Казаки обалдело помолчали — а потом разом грянул хохот — неудержимый, взахлеб, с иканьем и визгами. И уж кто-то из станичников совсем по-свойски хлопнул его по больному плечу:

— А ты, брат…

И не докончил. Цвиллинг не качнулся — охнув, сразу обмяк, и сполз на пол. Казаки недоуменно стояли, словно только сейчас увидели, как изранен комиссар, как ему должно быть и больно и холодно в одном разодранном френче.

— Надо бы сюда бабу каку прислать, что с ранеными бойка, — сказал фронтовик. — Да покормить. Небось, хрестьяне мы.

На следующее утро к Цвиллингу пришли еще казаков с двадцать. В руках у многих были скамейки, табуретки, просто обрезь бревна.

— Как, живой, комиссар?

Цвиллинг сидел в теплом длинном тулупе. Голова — аккуратно перебинтована чистой повязкой.

— А я думал, вы мне ребенка несете для подкрепления, — усмешливо сказал он.

Казаки шумно рассаживались в тесной для такого количества народа избе.

— Ладно, комиссар, чего дураков-то слушать! — отмахнулся вчерашний рябой. — Сказывают, ты делегатом съезда в Питере был. И там о земле новый закон вышел. Ты чего-нибудь знаешь? Сказать можешь?

Цвиллинг сидел, чуть склонив голову. Вопрос в одно мгновение перевернул его мысли. Он смотрел на казаков, не видя и не слыша их. Мог ли он что-нибудь сказать о часе самого великого торжества его партии, а значит, и его, Цвиллинга, самом счастливом часе! Как наяву, он увидел перед собой заполненный народом актовый зал Смольного. Внимательная тишина, сменившая внезапно гул разноголосья. Ильич на трибуне.

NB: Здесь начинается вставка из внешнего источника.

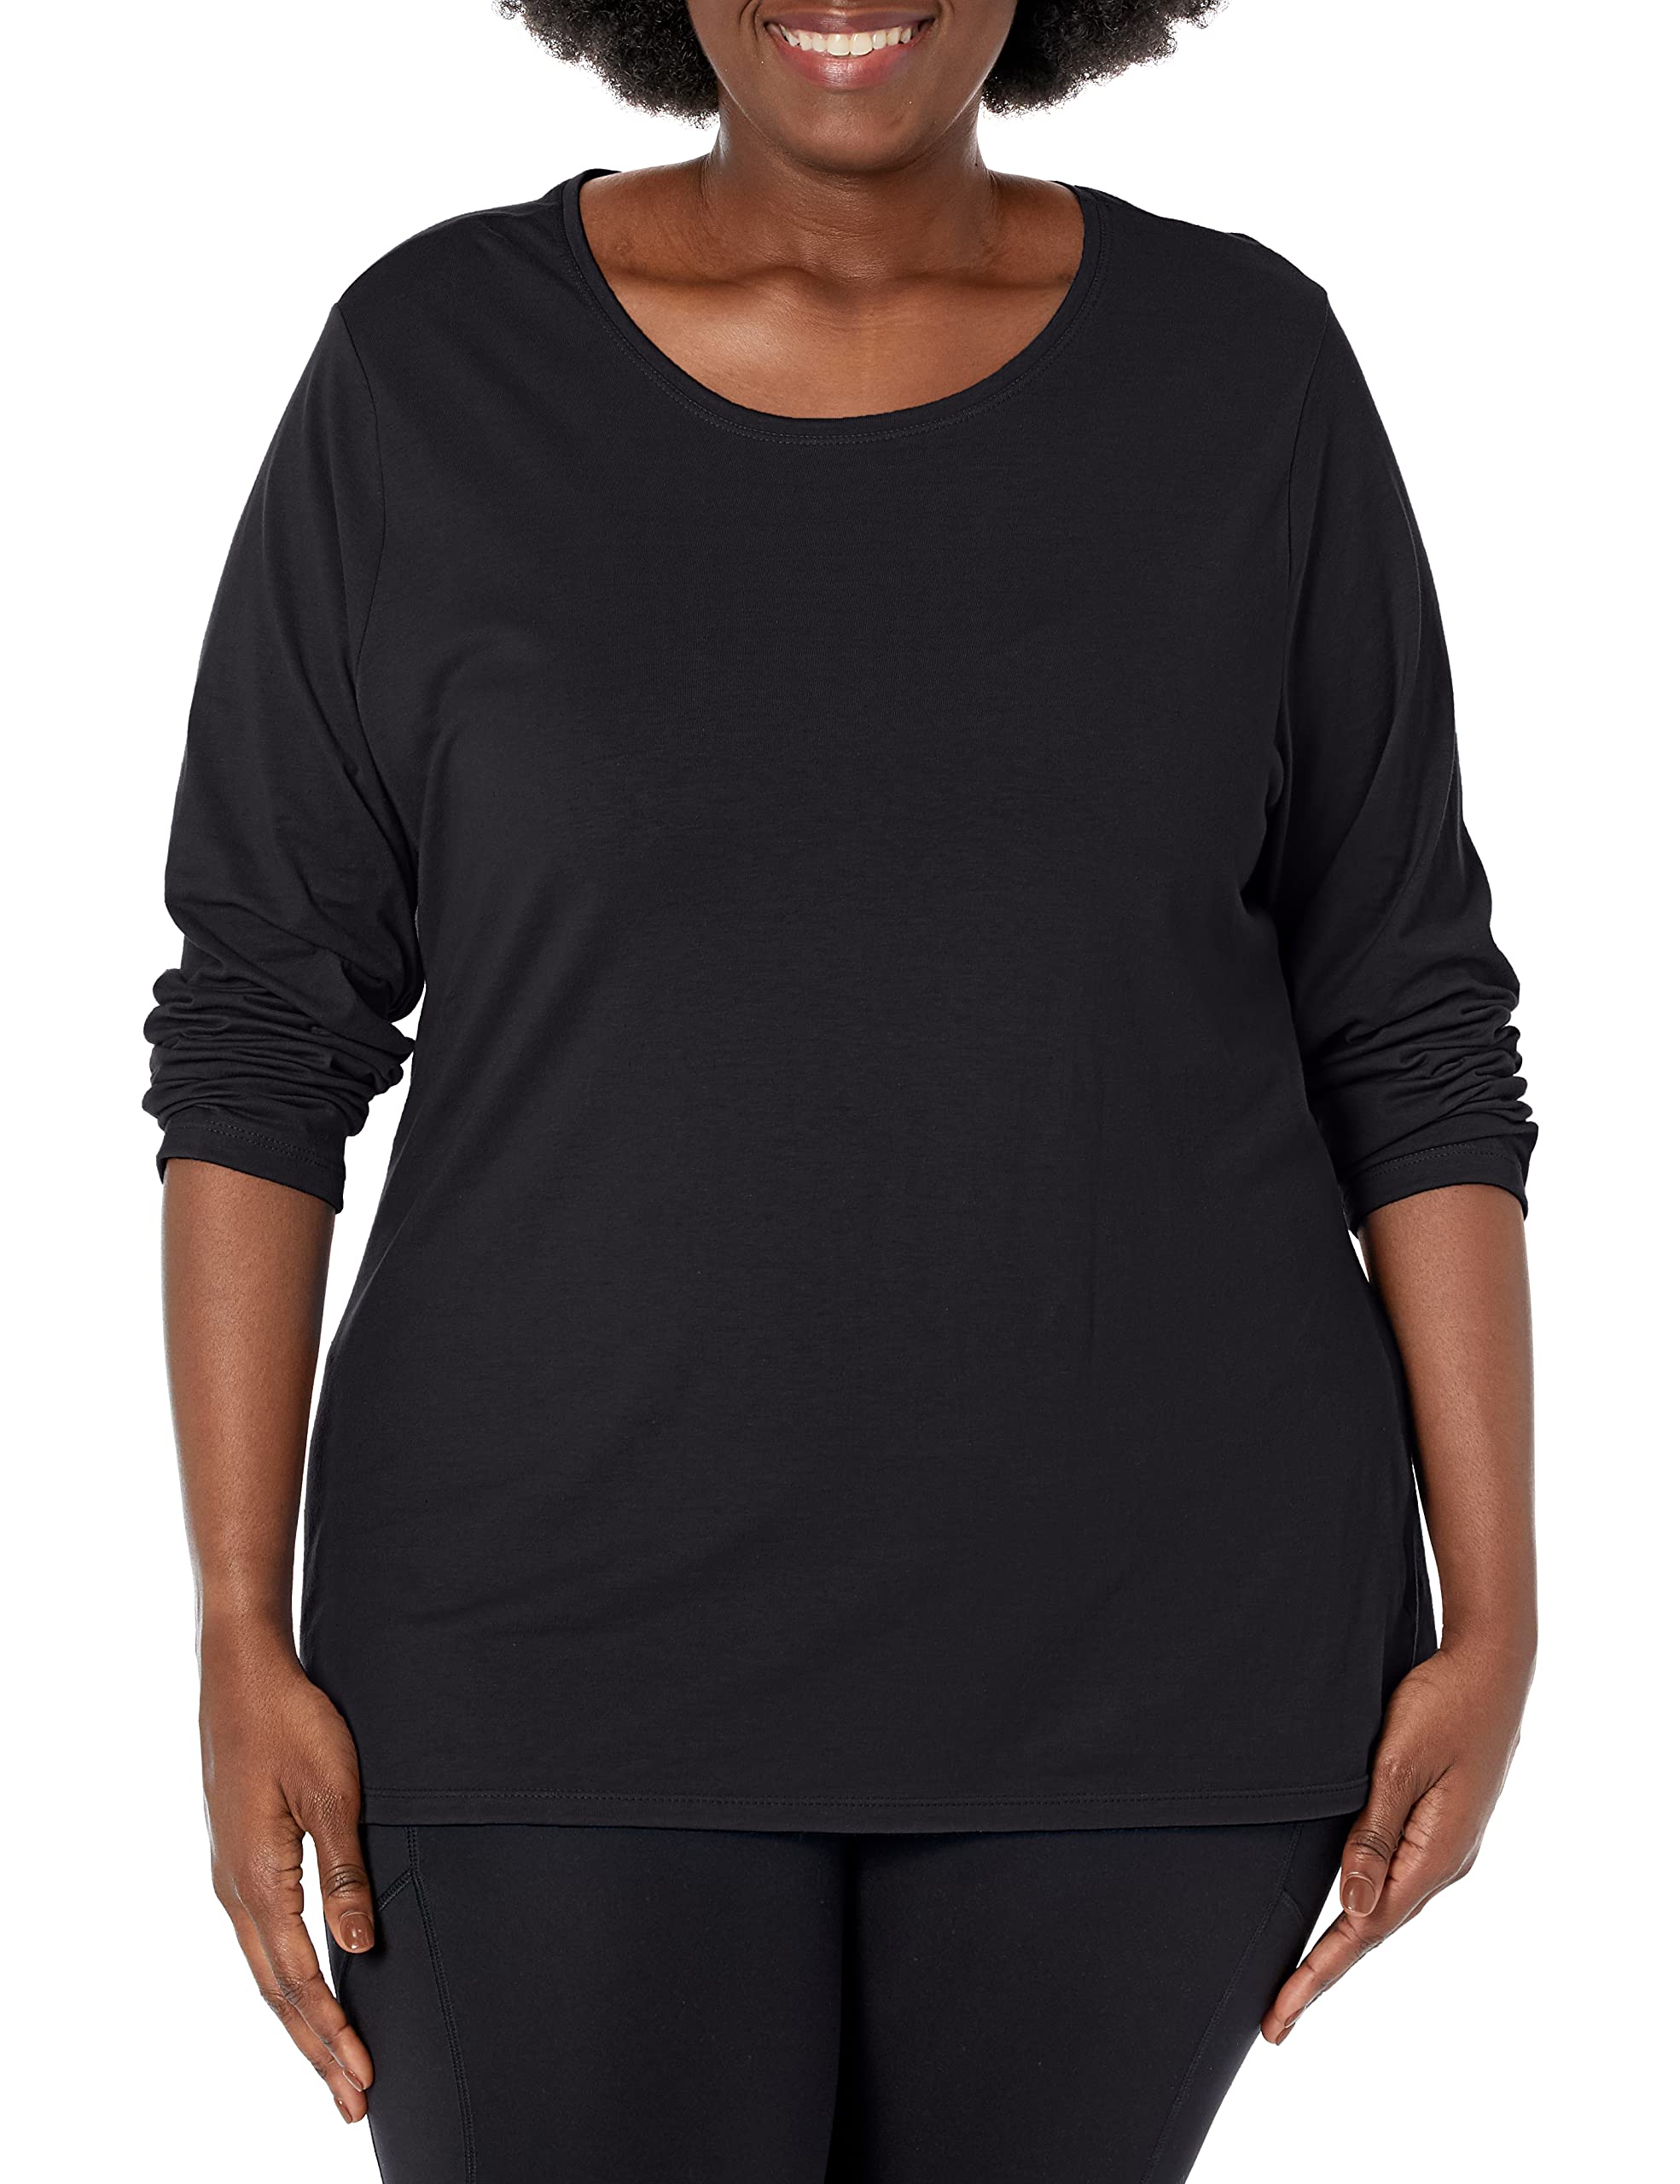 Just My Size Women's T-Shirt, Plus Size Long Sleeve Cotton Tee, JMS Plus Size Scoop-Neck T-Shirt for Women

Его энергичный жест и чеканная фраза:

— Помещичья собственность на землю отменяется немедленно без всякого выкупа!

И громы неслыханной овации, и объятия, и слезы в зале.

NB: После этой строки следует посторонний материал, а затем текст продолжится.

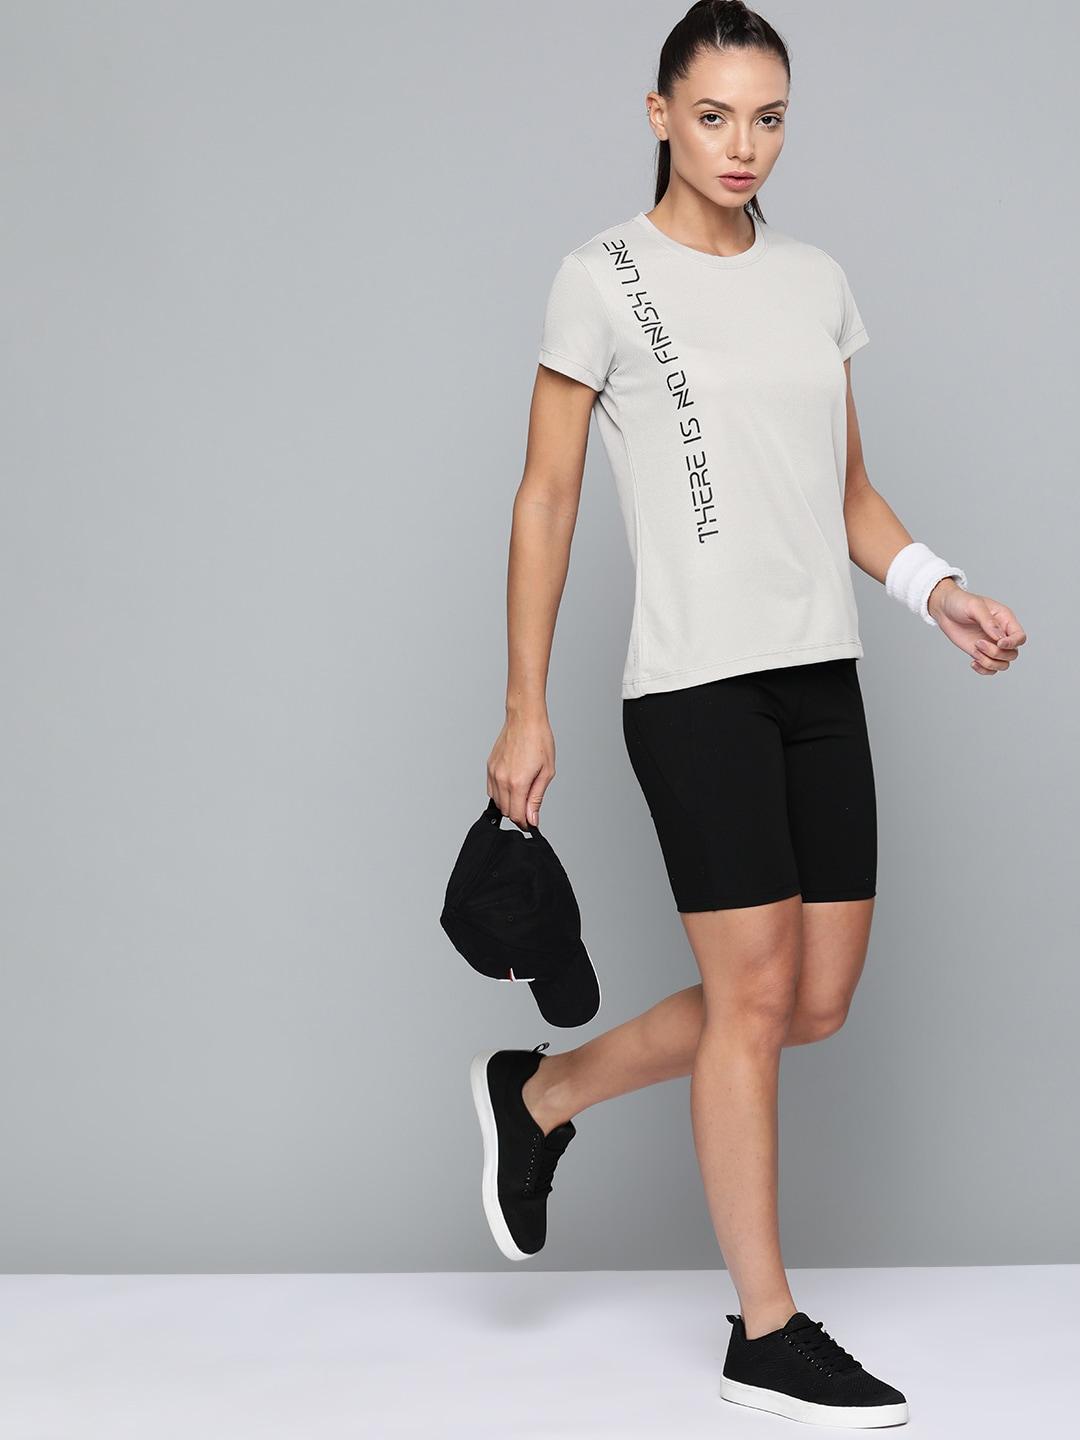 hrx-by-hrithik-roshan-running-women-wet-weather-rapid-dry-typography-tshirts

— А что вы слышали о решениях Второго съезда Советов? — спросил комиссар.

— Дак ведь кто что болтает! К примеру, у казаков будто землю отбирать будут и отдавать ее крестьянам? — ответил за всех рябоватый казак.

— Неправда. На съезде был принят новый «Декрет о земле». И действительно, этим декретом предусмотрено исправление веками копившейся несправедливости во владении землей. Она будет отнята у помещиков и капиталистов и передана людям, которые на ней работают. О вас же, казаках, в этом документе есть особый, пятый, пункт. Там записано: «Земли рядовых крестьян и казаков не конфискуются». Другое дело, земля офицеров, она будет конфискована таким образом, чтобы у офицера ее было столько же, как у среднего казака. Остальная будет передана частично неимущим казакам и крестьянам. Это уж как власть на местах решит.

Казаки возбужденно тянули махру, толкали друг друга локтями. Но вслух мысли не спешили высказывать. Большевик-то все-таки под арестом.

Цвиллинг продолжал:

— Еще одно. Вы знаете, до войны у каждого третьего казака в Оренбуржье не хватало рабочего скота обработать землю. Машин было мало, почти все покупали их за границей. Теперь из-за войны машин к нам поступает в пять-шесть раз меньше. И скота в работе стало еще меньше. А хлеб нужен. Так что состоятельным хозяевам, у которых есть две одинаковые машины, — жнейки, к примеру, одну придется отдать. Эти машины будут собраны в пунктах проката и под контролем местной власти отдаваться во временное пользование нуждающимся.

— Хорошо бы так-то! — вздохнул самый старый, видимо, намаявшийся и досыта накланявшийся богатеям в страду…

На третий день уже станичники помоложе толклись в «комиссаровой избе». Очень скоро здесь перебывала вся станица и оказалась распропагандированной.

Господин Дутов просчитался. Расправа не состоялась.